Let $P(A)=0,3$. Only one of the following events has a probability less than $0.3$. Which one?
$A)A \cup B$
$B)\bar{A} \cup B$
$C)A \cap B$
$D)\bar{A} \cup \bar{B}$
Lets check one by one.
$P(A \cup B)=P(A)+P(B)-P(A \cap B)$ and then $\space 0 \leq P(A \cap B)\leq 0.3 \space$. This happen because, if $\space A \subset B \space$ then $\space P(A \cap B) =P(A) \space$ and so $\space P(B) \geq P(A) \space$. In other hand, if $\space P(A \cap B)=0 \space$ then $\space P(A \cup B)=P(A)+P(B) \space$, and so $\space P(A \cup B) \geq 0.3 \space$ because $\space A \subset B \space$.

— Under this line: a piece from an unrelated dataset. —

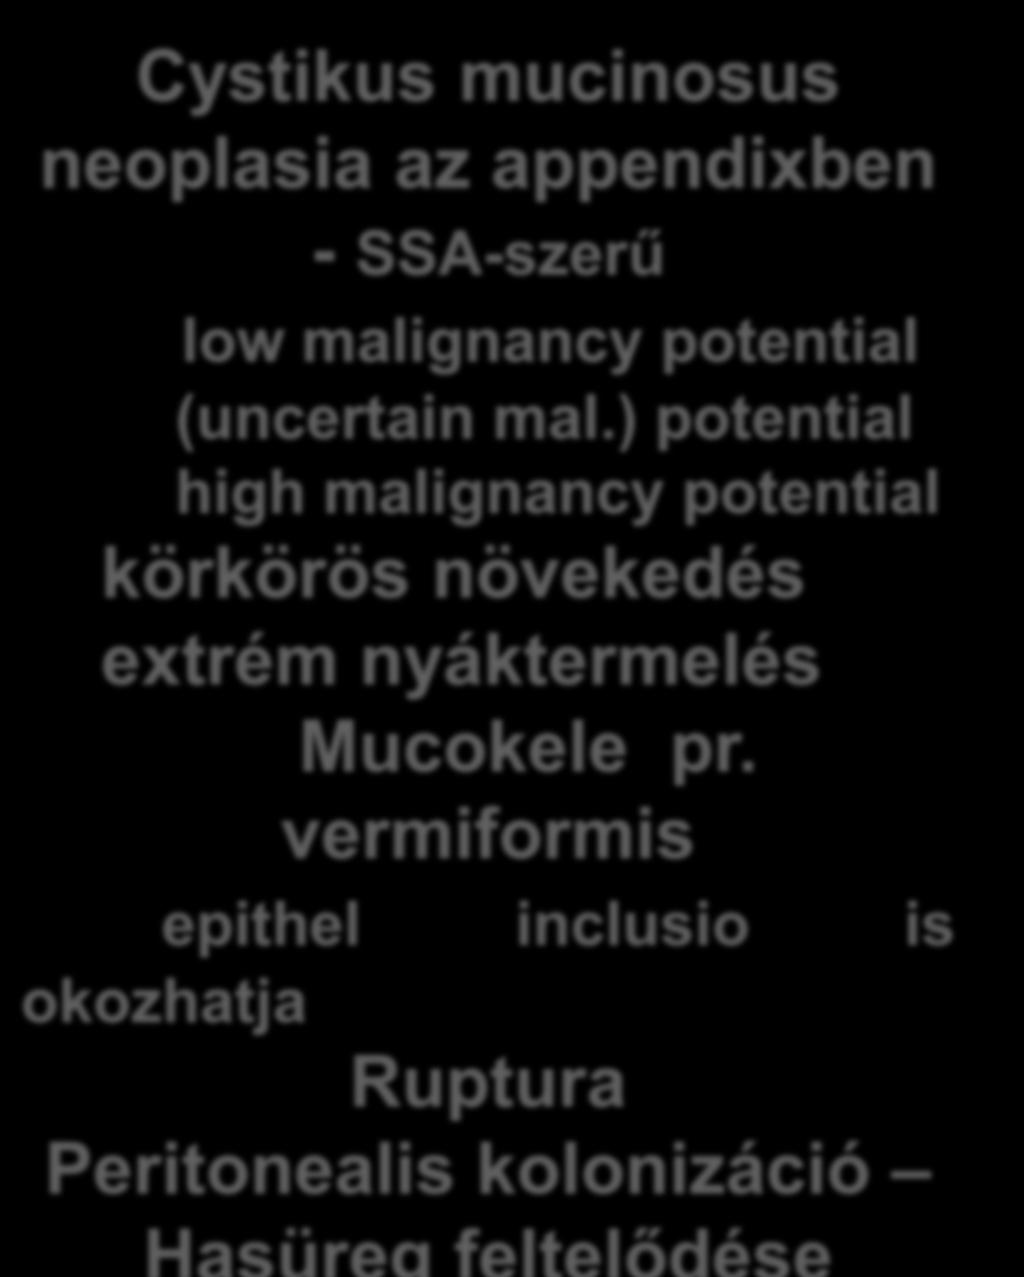 Pseudomyxoma peritonei Cystikus mucinosus neoplasia az appendixben - SSA-szerű low malignancy potential (uncertain mal.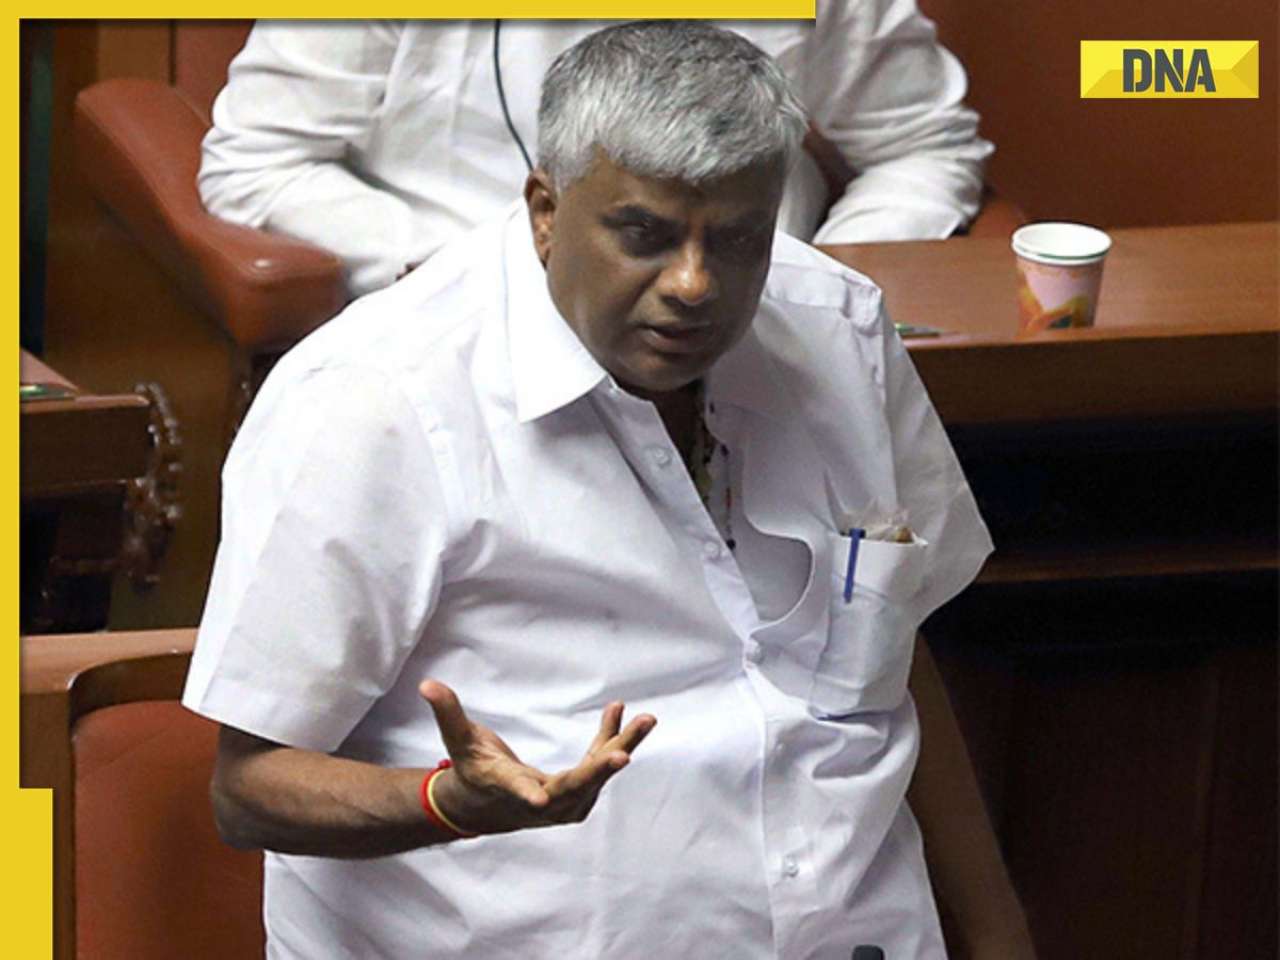 Karnataka sex scandal: JD(S) leader HD Revanna sent to SIT custody for 3 days

If $\space B \subset A \space$, then$\space P(A \cap B)\leq 0.3 \space$, and so $\space P(A \cup B) \geq 0.3 \space$, because $\space P(A)=0.3 \space$ and $\space P(B)\leq P(A) \space$.
Now the second one:
$P(\bar{A} \cup B)=P(\bar{A})+P(B)-P(\bar{A} \cap B)$. It's known that $ \space P(\bar{A})=0.7 \space$, so $\space 0 \leq P(\bar{A} \cap B)\leq 0.7$. If $\bar{A} \subset B$ then $P(\bar{A} \cap B)=P(\bar{A})$ and so $P(\bar{A} \cup B)=P(B)$, wich is $\geq P(\bar{A}) \space$. If $P(\bar{A} \cap B)=0$ then $P(\bar{A} \cup B) \geq0.7$ because $P(\bar{A})=0.7$.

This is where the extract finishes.